Update: Disaster averted.
With everything I did this afternoon, I was running a bit late (especially after missing my train). So I called Okaasan to tell her where I was. It was a good thing that I did, because as it was long past the time that I usually got home, Otousan had gotten a bit worried, and was about to go out looking for me. So it was a good thing indeed that I decided to call home, otherwise I do believe that there would be a rather pissed reception waiting for me. And that would have been a really bad thing, because everyone seemed to be in a particularly good mood today. For example, dinner tonight was a rice omelet, and when I sat down to mine I saw that Okaasan had spelled my name in ketchup on the top (Ketchup is a common condiment on eggs here; I can just picture Elena's 'ick!' expression right now for some reason).
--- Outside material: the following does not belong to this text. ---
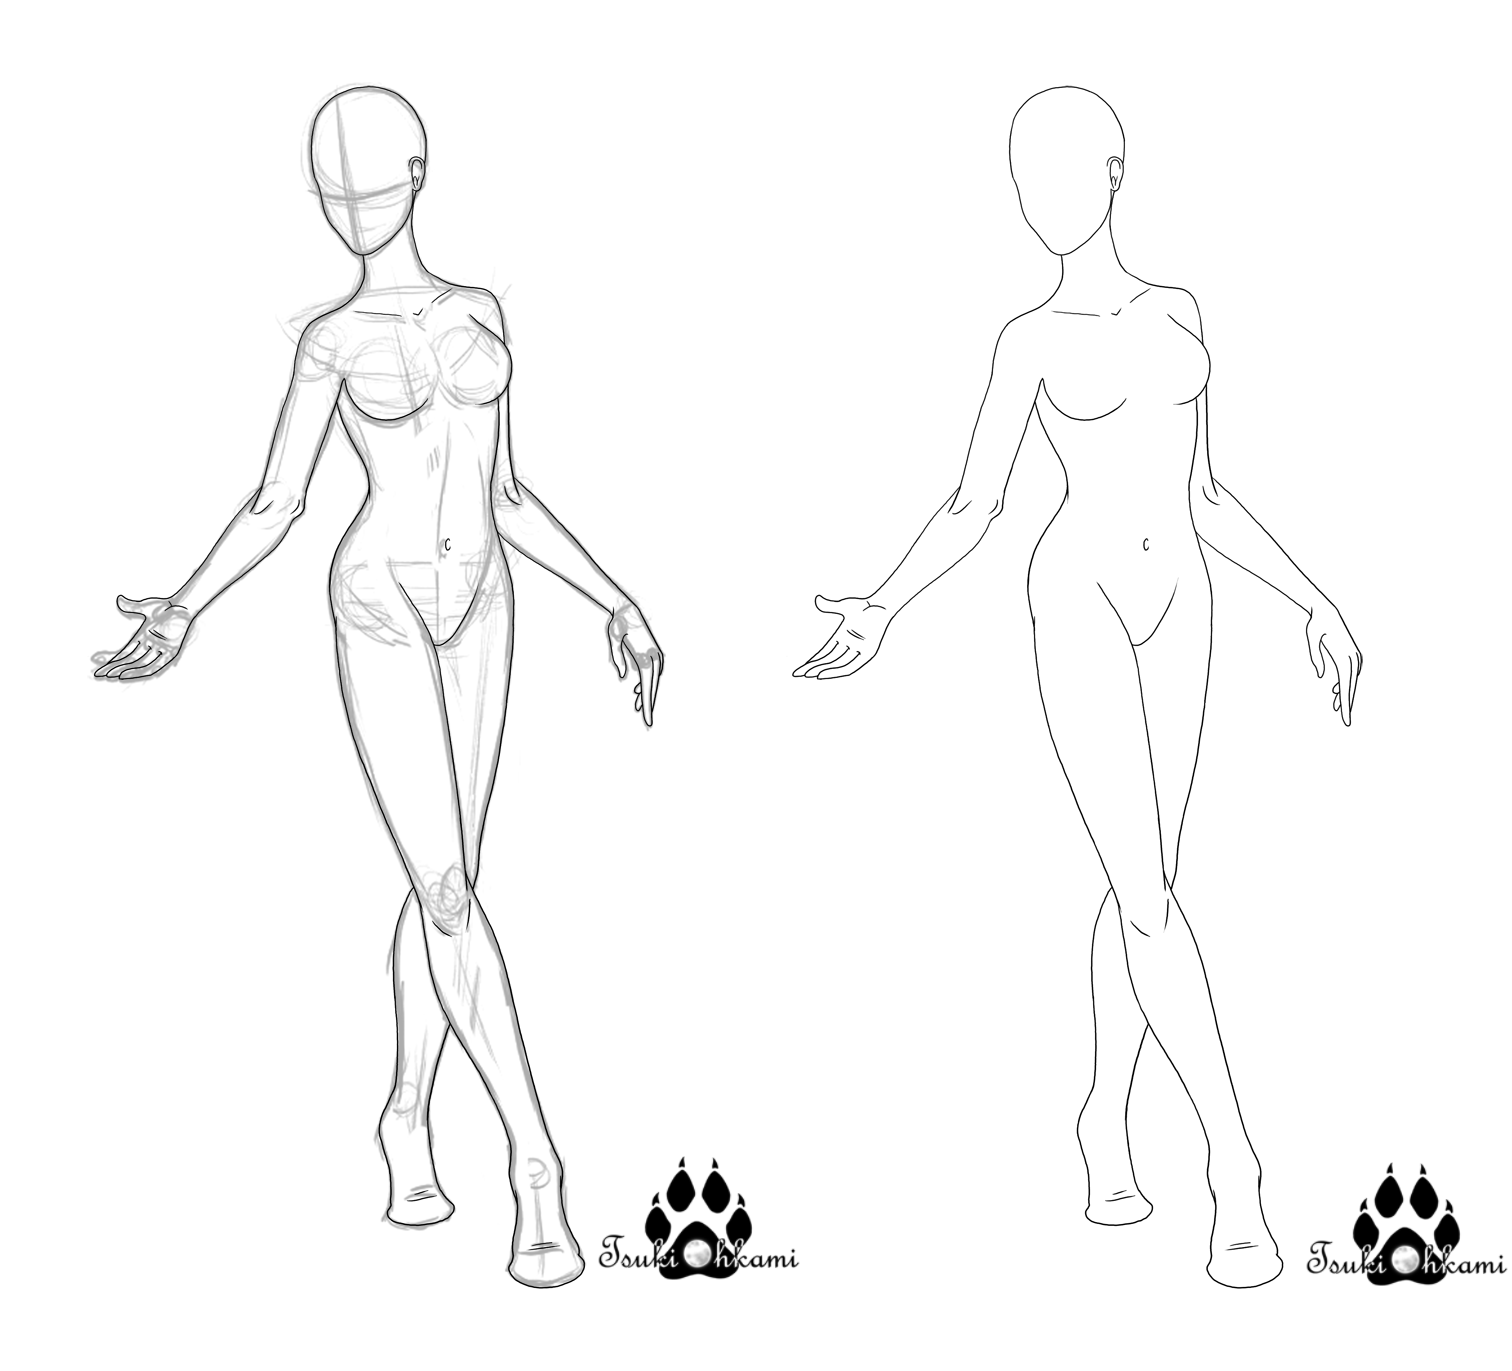 Female Base Pose Doublet Read Description By Tsukiohkami Http Www Deviantart Com Order 5 Q Female Base Lineart Female Base Drawing Base Furry Art

To people who say that the Japanese have no sense of humor, on television, we were just watching a game show (I think) that had four contestants betting that they couldn't be made to laugh so hard that they'd shoot milk out there nose. Several small groups suddenly appeared from behind a door, doing various slapstick-y things, all the while the contestants drank big glasses of milk. The last group was the funniest, as shown by the fact that all four spontaneously spewed milk halfway across the stage, and then good natured- (and milk mustached)-ly, paid out to the winning act.
Oh yes, a topic that I've been asked about several times: no, I don't not have to take my shoes off _every_ time I go inside, _everywhere_ I go. The whole no shoes issue is only present where practical. Going into a house, you take off your shoes and put on slippers. At JCMU, we don't wear shoes inside. When you go into a temple, you take off your shoes. When you go grocery shopping, or to the bank, or to most restaurants (really fancy traditional ones would be an exception) you don't bother with your shoes. It's a cultural practice, not an inanity.